Authors: Kazunori YAMAMOTO, Graduate School of Science and Engineering, Ehime University
Ken T. MURATA, Center for Information Technology, Ehime University
Eizen KIMURA, Graduate School of Medicine, Ehime University
Rie HONDA, Department of Information Science, Kochi University


In the Solar-Terrestrial Physics (STP) field, there are two major research methods for geo-space; one is computer simulation and the other is satellite and/or ground-based observation. Combination of these two methods is crucial to develop our understanding of the structure and dynamics of the Earth’s geo-space. Especially, 3-D visualizations would be effective and plausible for the combinations of both data. We have constructed a 3-D visualization environment for integration of simulation and satellites and ground-based observations data analysis: the Virtual Earth’s Magnetosphere System (VEMS). On the VEMS, hetero data are integrated in the following manner: (1) Search and download of observation data files, (2) Convert of data format, (3) Preprocess of data (resampling), (4) Visualize in 4-D (3-D in space and 1-D in time), and
(5) Interactive analysis.

(1)Search and download of observation data files: Using the STARS (Solar-Terrestrial data Analysis and Reference System) meta-database that provides meta-information of observation data files managed at distributed observation data sites over the Internet, users download data files without knowing where the data files are managed.

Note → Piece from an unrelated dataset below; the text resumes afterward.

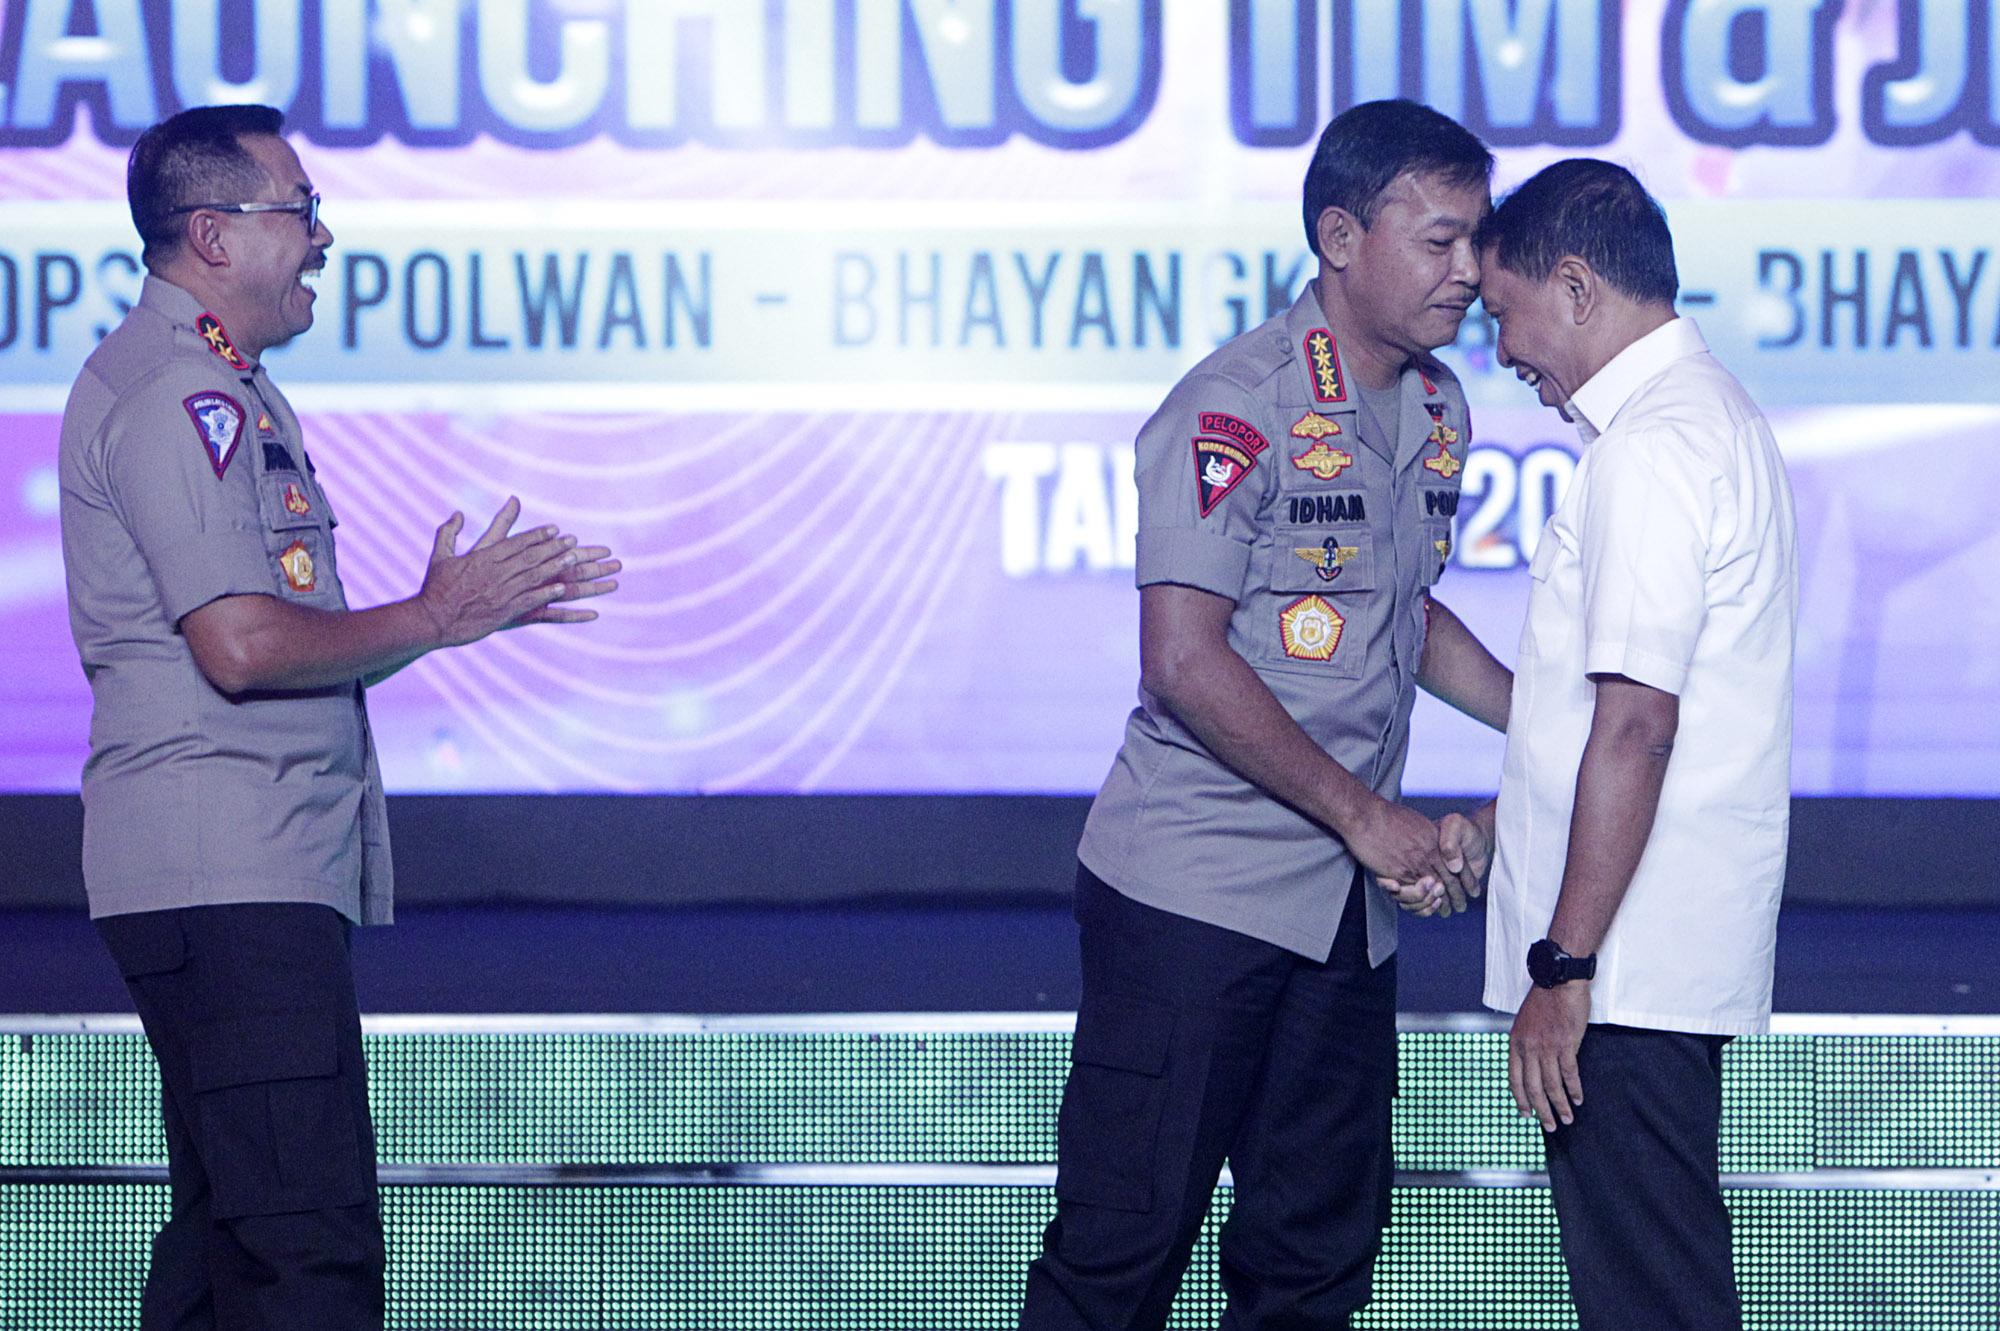 Menpora, Zainudin Amali (kanan) salaman dengan Kapolri, Idham Aziz (tengah), dan Istiono (kiri), dal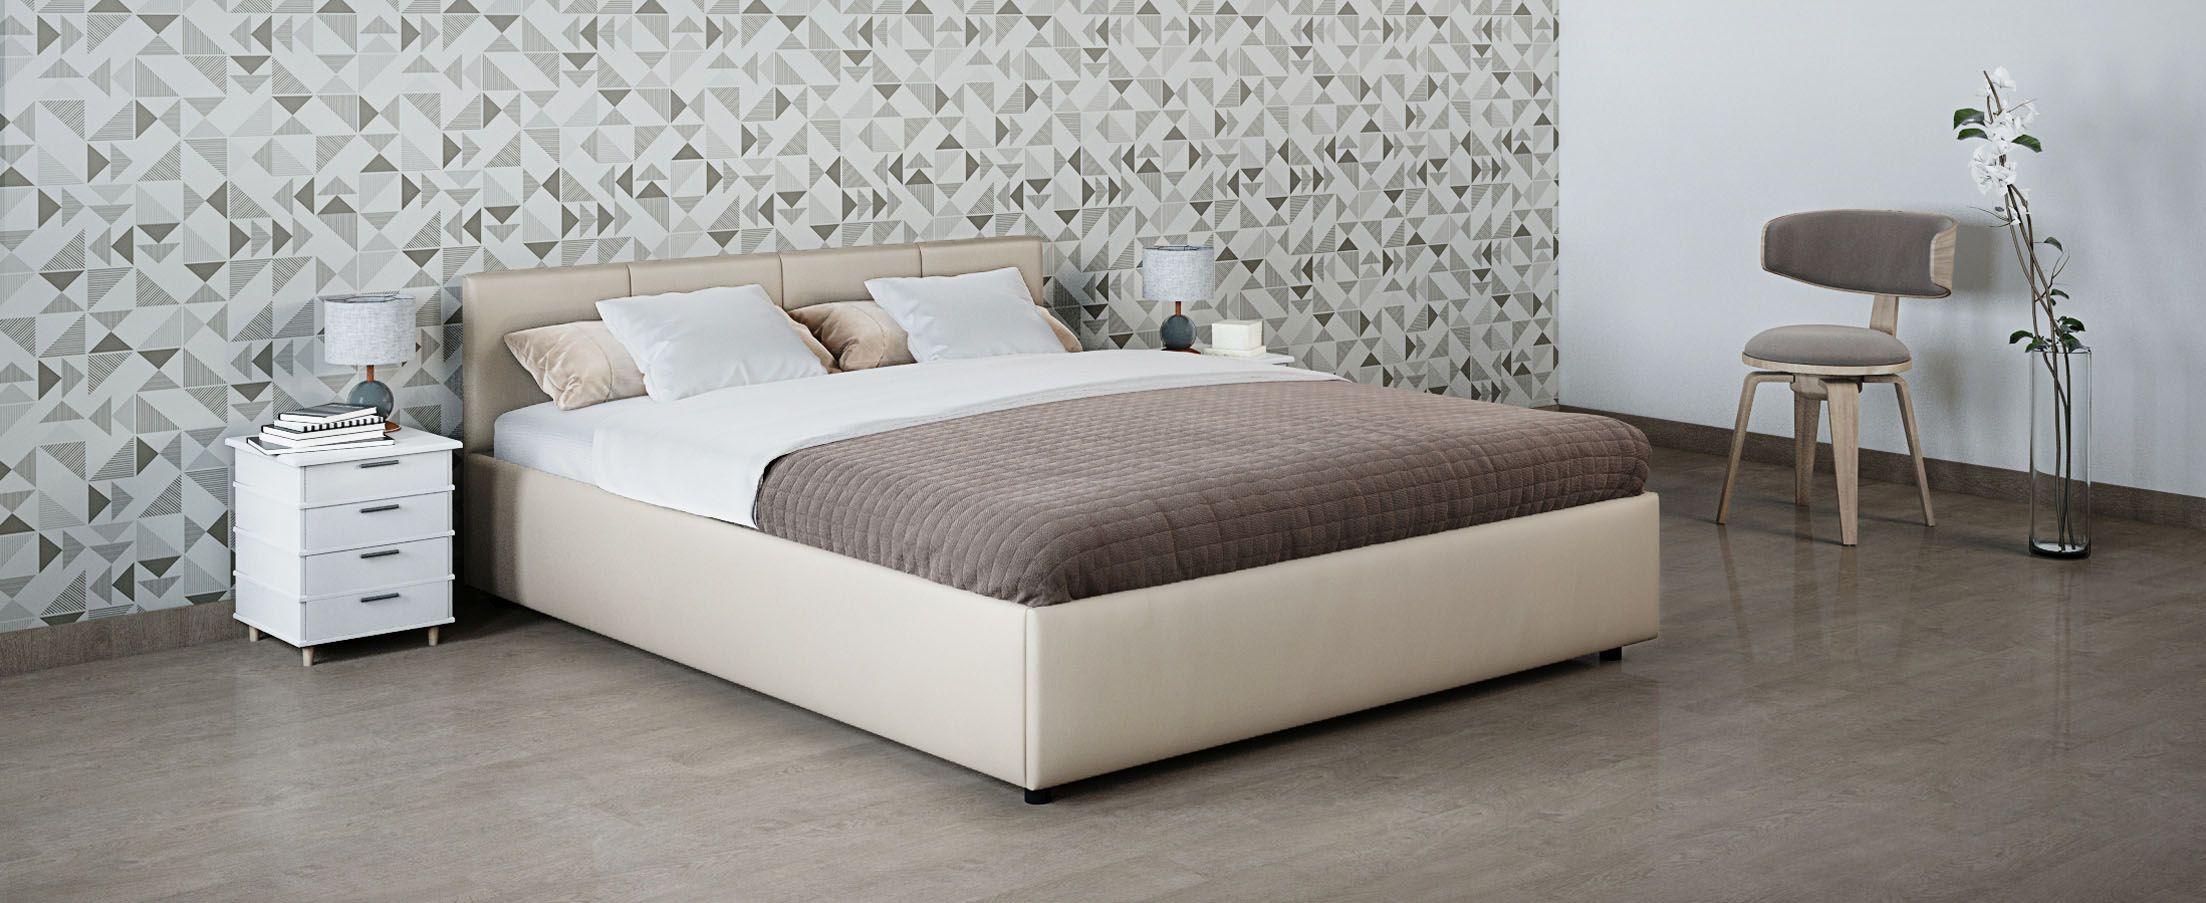 Кровать двуспальная Прима 160х200 Модель 1200Кровать Прима -  элегантное и практичное решение по доступной цене.  Продуманный до мелочей дизайн кровати прекрасно подойдет для любого интерьера.<br>

(2)Convert of data format: We developed an original data class to support our reading of data files and conversion them into a common data format. The data class defines schemata for several types of data. Since this class encapsulates data files, users easily read any data files without paying attention to their data formats.

(3)Preprocess of data (resampling): Resampling time series with linear interpolations, time scale is regularized over data files.

(4)Visualize in 4-D: A smaller scale coordinate system is laid on a larger one. Due to this hierarchical structure of coordinate systems, any observation data given in the smaller scale coordinate system is visualized in the 3-D space in the larger coordinate system without any geometrical conversion.

(5)Interactive analysis: In addition to the observation data, global MHD simulation data are also visualized in the 4-D format as long as the simulation is performed with real parameters. We can directly compare observation data (scalar or vector) with global MHD simulation results. Through our research uses of the VEMS for scientific data analyses, we found several practical problems of the system, especially in case of long durational data analyses. Herein, let us consider one year data analysis. A data file usually consists of one day observation data, thus there are 365 files for one year. On the process (1) in our system, we need to download 365 files for that analysis per data. It usually takes long time, and makes our real time data analysis hard. We attempt to overcome this problem with introducing a download and cache agent server into our system.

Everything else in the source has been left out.